Viel Stimmkraft und Naturgewalt pur: Schaffhausen sorgt im Sommer 2016 auch anderweitig für Aufsehen - mit den gewaltigsten Wassermassen seit langem, die den Rheinfall herunter donnern. Keystone

Schaffhausen ist Schweizer Meister in der direkten Demokratie, sprich Stimmbeteiligung. Was ist es, das die Menschen im Nordostschweizer Kanton zur Partizipation antreibt?

Nach Abstimmungen und Wahlen schaut die ganze Schweiz jeweils neidisch gen Nordost. Dort sitzt nämlich der kleine Kanton Schaffhausen, der in der Paradedisziplin der direkten Demokratie immer wieder die Goldmedaille holt: Um die 65% der stimmberechtigten Einwohnerinnen und Einwohner nehmen in diesem Landeszipfel jeweils an Abstimmungen und Wahlen teil. Dies im krassen Gegensatz zur Restschweiz, wo die Stimmbeteiligung seit Jahrzehnten auf bedenklich tiefen 45% dümpelt.

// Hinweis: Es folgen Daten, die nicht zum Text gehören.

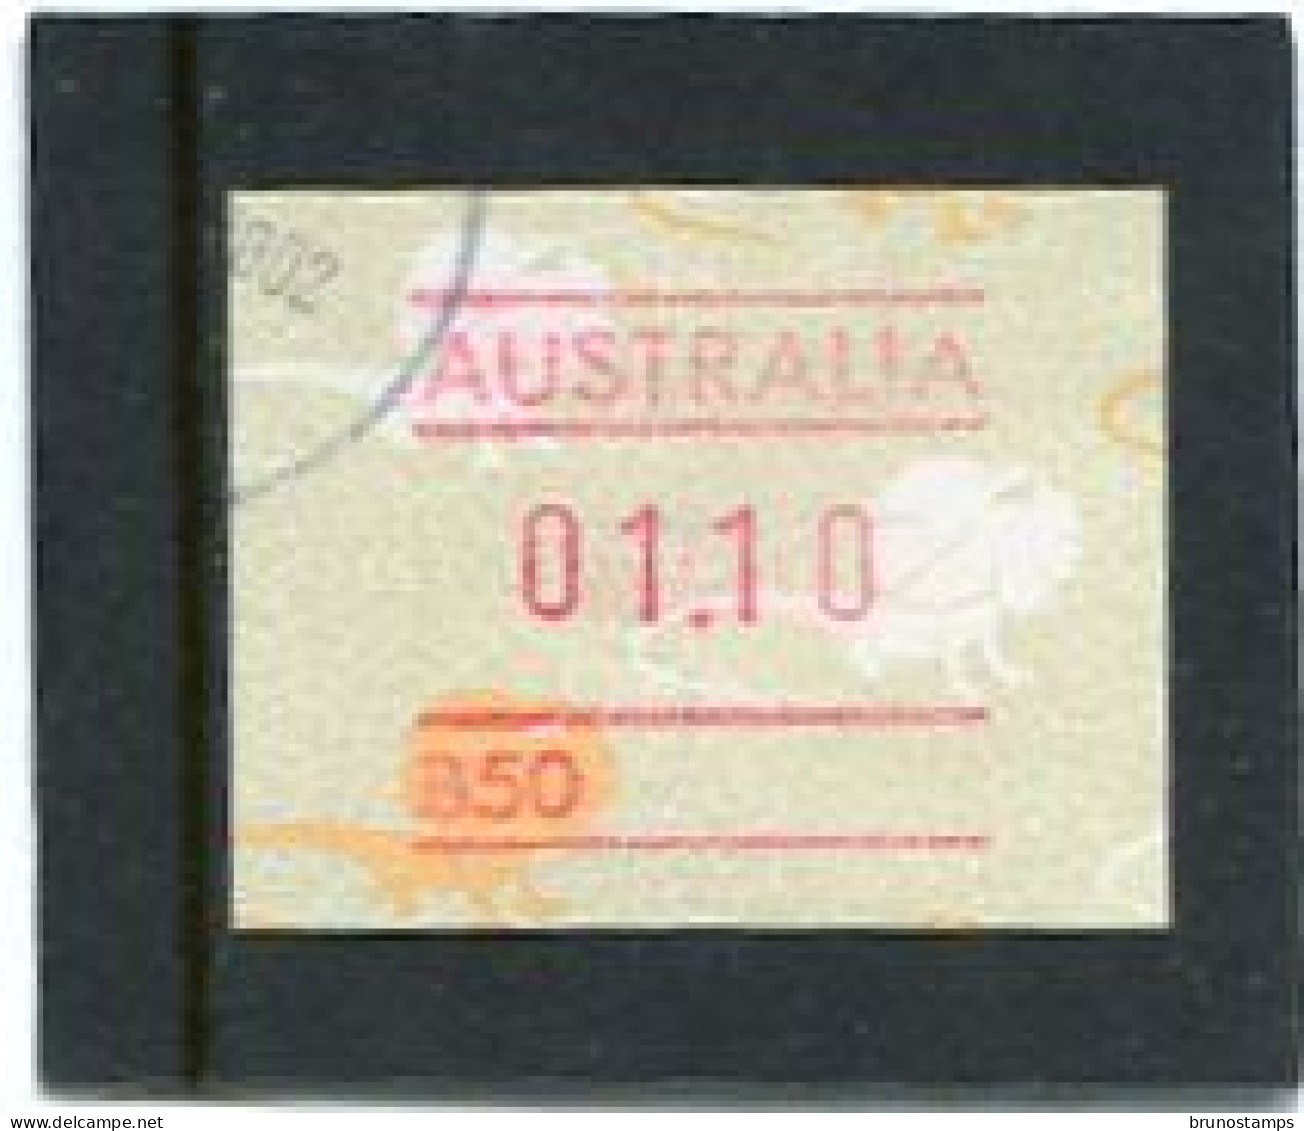 AUSTRALIA - 1989  1.10$  FRAMA  LIZARD   NO POSTCODE  B50  FINE USED - Vignette [ATM]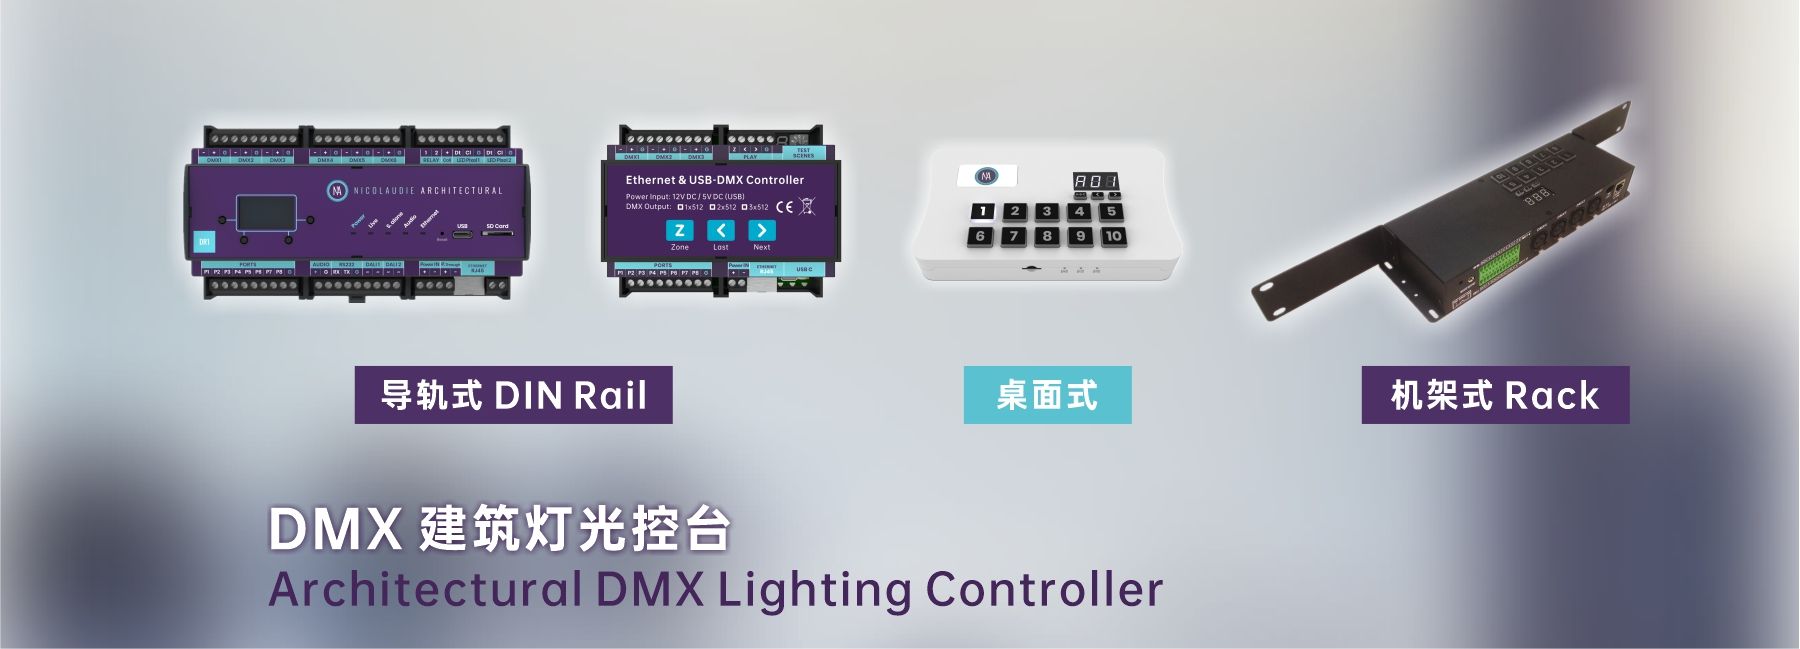 Architectural DMX Lighting Controller

Dieser Beitrag ist Teil von #DearDemocracy, der Plattform für direkte Demokratie von swissinfo.ch.

Das ist die Story: Die Schaffhauserinnen und Schaffhauser sind stolze Schweizermeister im Abstimmen – nicht nur wegen der Stimmpflicht.

Bedenklich, weil Minderheiten so Entscheidungen für die Mehrheit treffen können – und somit die direkte Demokratie untergraben wird.

Warum ticken die Schaffhauserinnen und Schaffhauser so anders als der Rest der Schweiz? Auf den ersten Blick vor allem aus einem Grund: Im nördlichsten Kanton der Schweiz gilt Stimmpflicht. Und das schon seit 140 Jahren. Wer hier nicht wählen oder abstimmen geht, bezahlt eine Busse. Bis in die 1970er-Jahre belief sie sich auf 1 Franken, dann wurde sie auf 3 Franken angehoben und seit einem Jahr beträgt sie teuerungsangepasst 6 Franken. Das ist eine Busse von immer noch eher symbolischem Charakter. Wer diese nicht zahlen will, kann die unausgefüllten Stimmunterlagen überdies bis zu drei Tage nach der Abstimmung retournieren und so der Strafe entgehen.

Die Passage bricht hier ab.